Furthermore, we provide two bash scripts that encapsulates the use of metrics.jar to calculate the metrics for candidate and member ontologies:

  • getMetricsCandidates.sh: Calculate the metrics for the candidate ontologies, which are taken from the folder lexical-analysis-obo-foundry/data/ontologies/candidate_ontologies. The results are saved into the folder lexical-analysis-obo-foundry/results/candidates_results. This will create one TSV file per ontology including all the metrics for that ontology, together with a log file. Furthermore, a file called allMetrics.tsv will be also created, including all the metrics for all the ontologies. Moreover, detailed_files will be created into the detailed_files folder.

  • getMetricsMembers.sh: Calculate the metrics for the member ontologies, which are taken from the folder lexical-analysis-obo-foundry/data/ontologies/member_ontologies. The results are saved into the folder lexical-analysis-obo-foundry/results/members_results. This will create one TSV file per ontology including all the metrics for that ontology, together with a log file. Furthermore, a file called allMetrics.tsv will be also created, including all the metrics for all the ontologies. Moreover, detailed_files will be created into the detailed_files folder.
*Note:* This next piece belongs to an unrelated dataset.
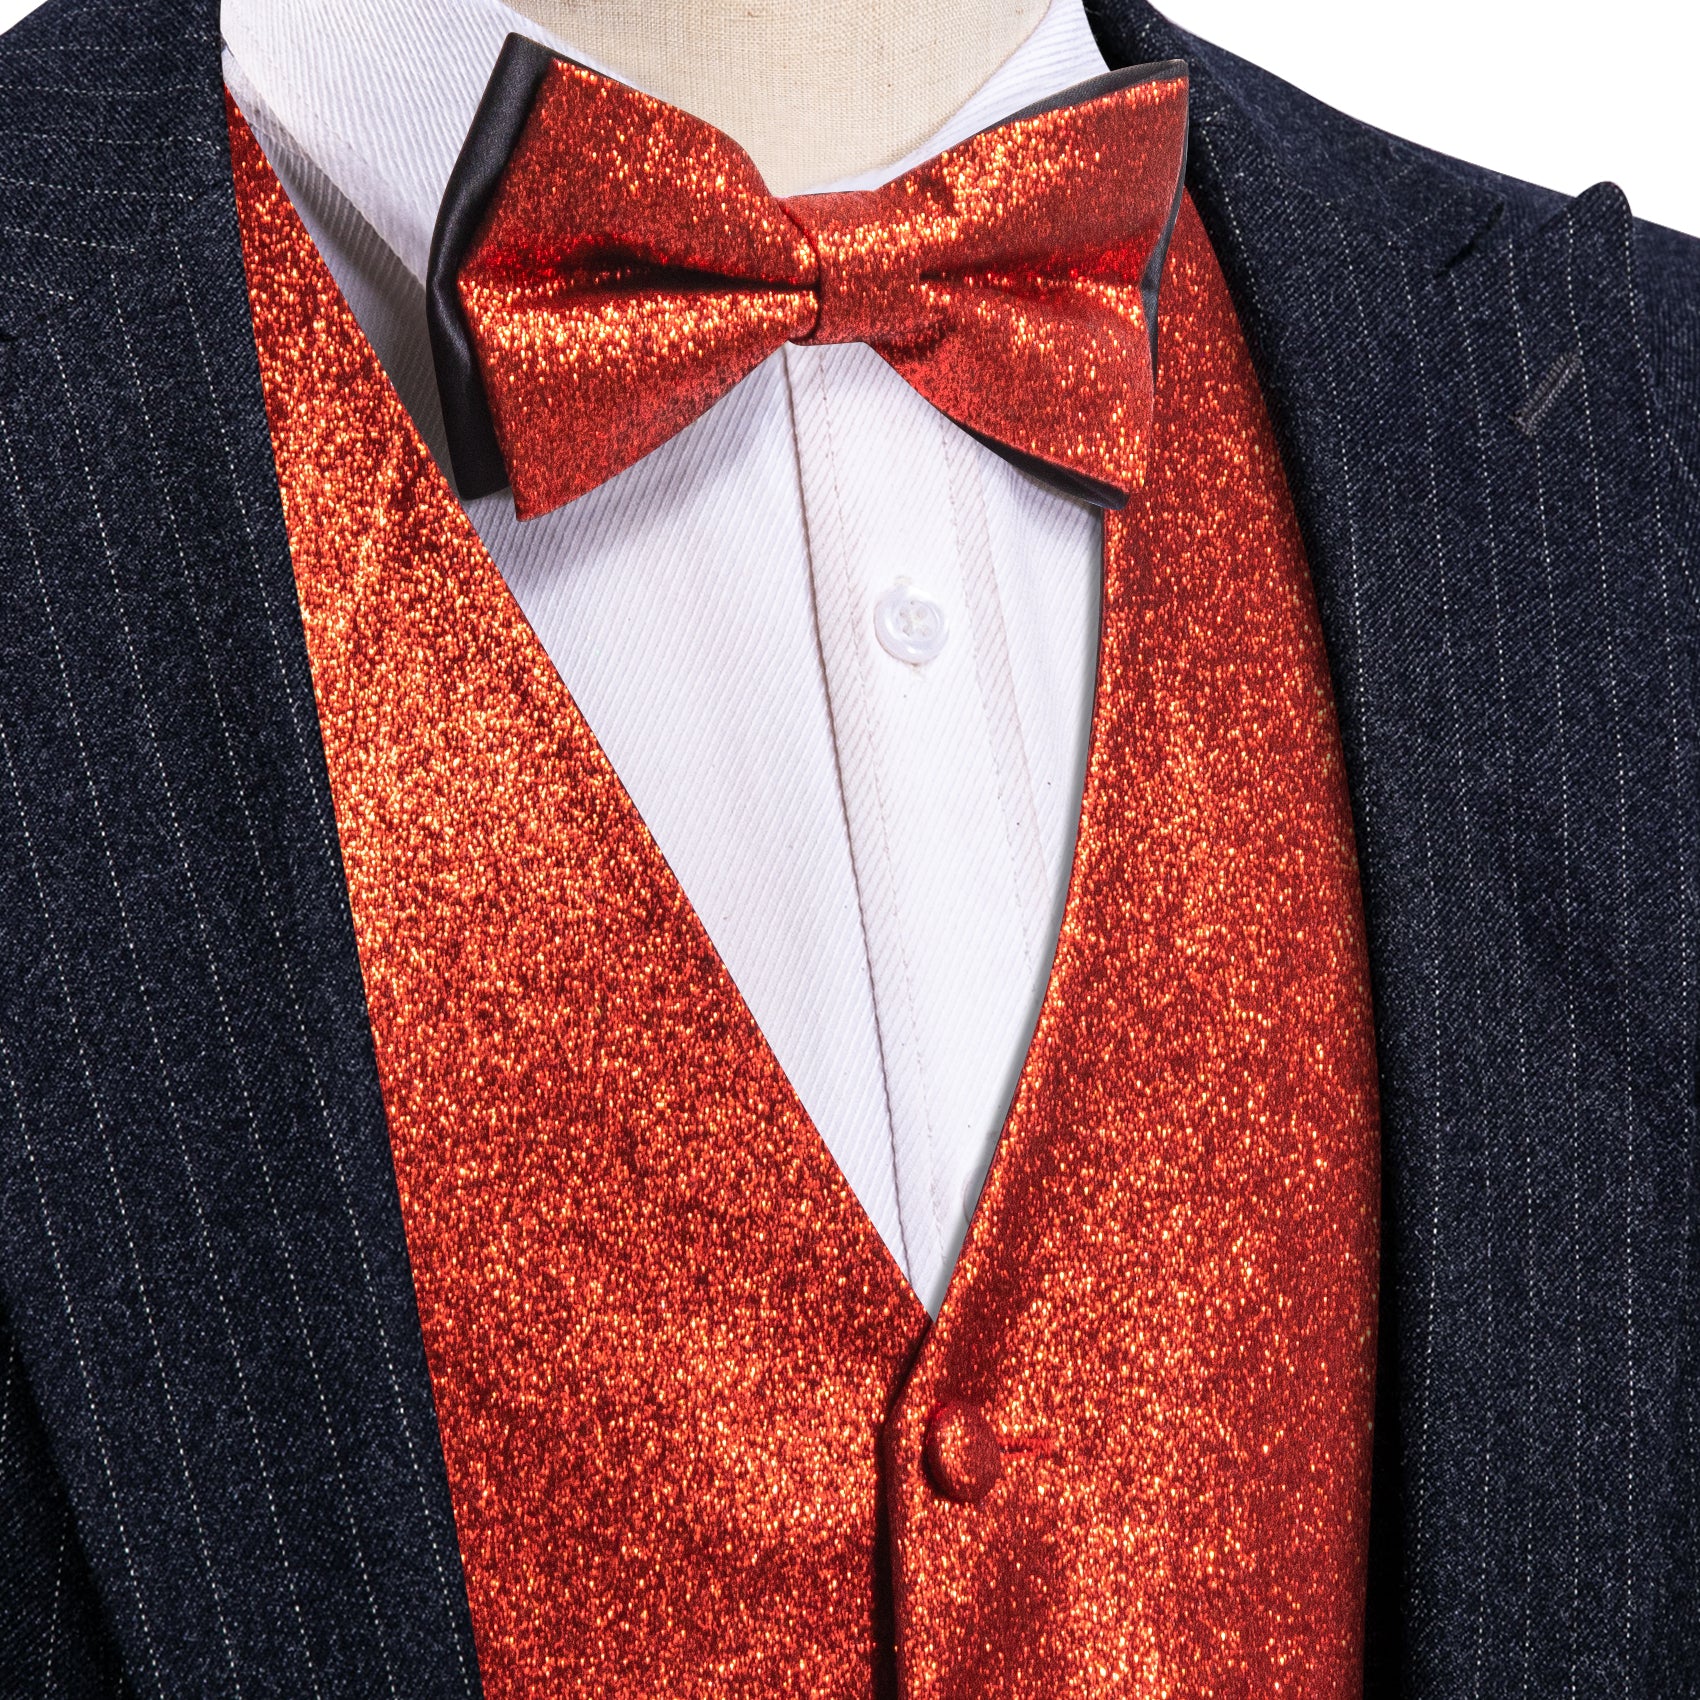 Shining Men's Orange Silk Bowtie V-Neck Waistcoat Vest Set

Run the following commands to execute these scripts:

# Go to the scripts folder (assuming that you are on the root folder of this repository)
cd scripts

# Get metrics for the member ontologies
bash getMetricsMembers.sh

# Get metrics for the candidate ontologies
bash getMetricsCandidates.sh

# Move detailed files to the results folder
mv detailed_files ../results/

Once the above commands are executed, your results folder will contain a three folders:

  • candidates_results: logs and TSV files with the metrics obtained for each candidate ontology. The file allMetrics.tsv contains the information about all the candidate ontologies and their metrics.
  • members_results: logs and TSV files with the metrics obtained for each member ontology. The file allMetrics.tsv contains the information about all the member ontologies and their metrics.
  • detailed_files: Set of TSV files including a more detailed information about each ontology-metric pair.

Perform analysis

The descriptive analysis, the metric partition analysis and the correlation analysis were performed by using the rstudio software. In order to reproduce them, open rstudio and load the corresponding file (descriptive_analysis.R for the descriptive analysis; evaluome.R for the metric partition analysis, or correlation_analysis.R, for the correlation analysis). Then, you can execute any of them line by line in an interactive way. Furthermore, these files include comments to clarify each section.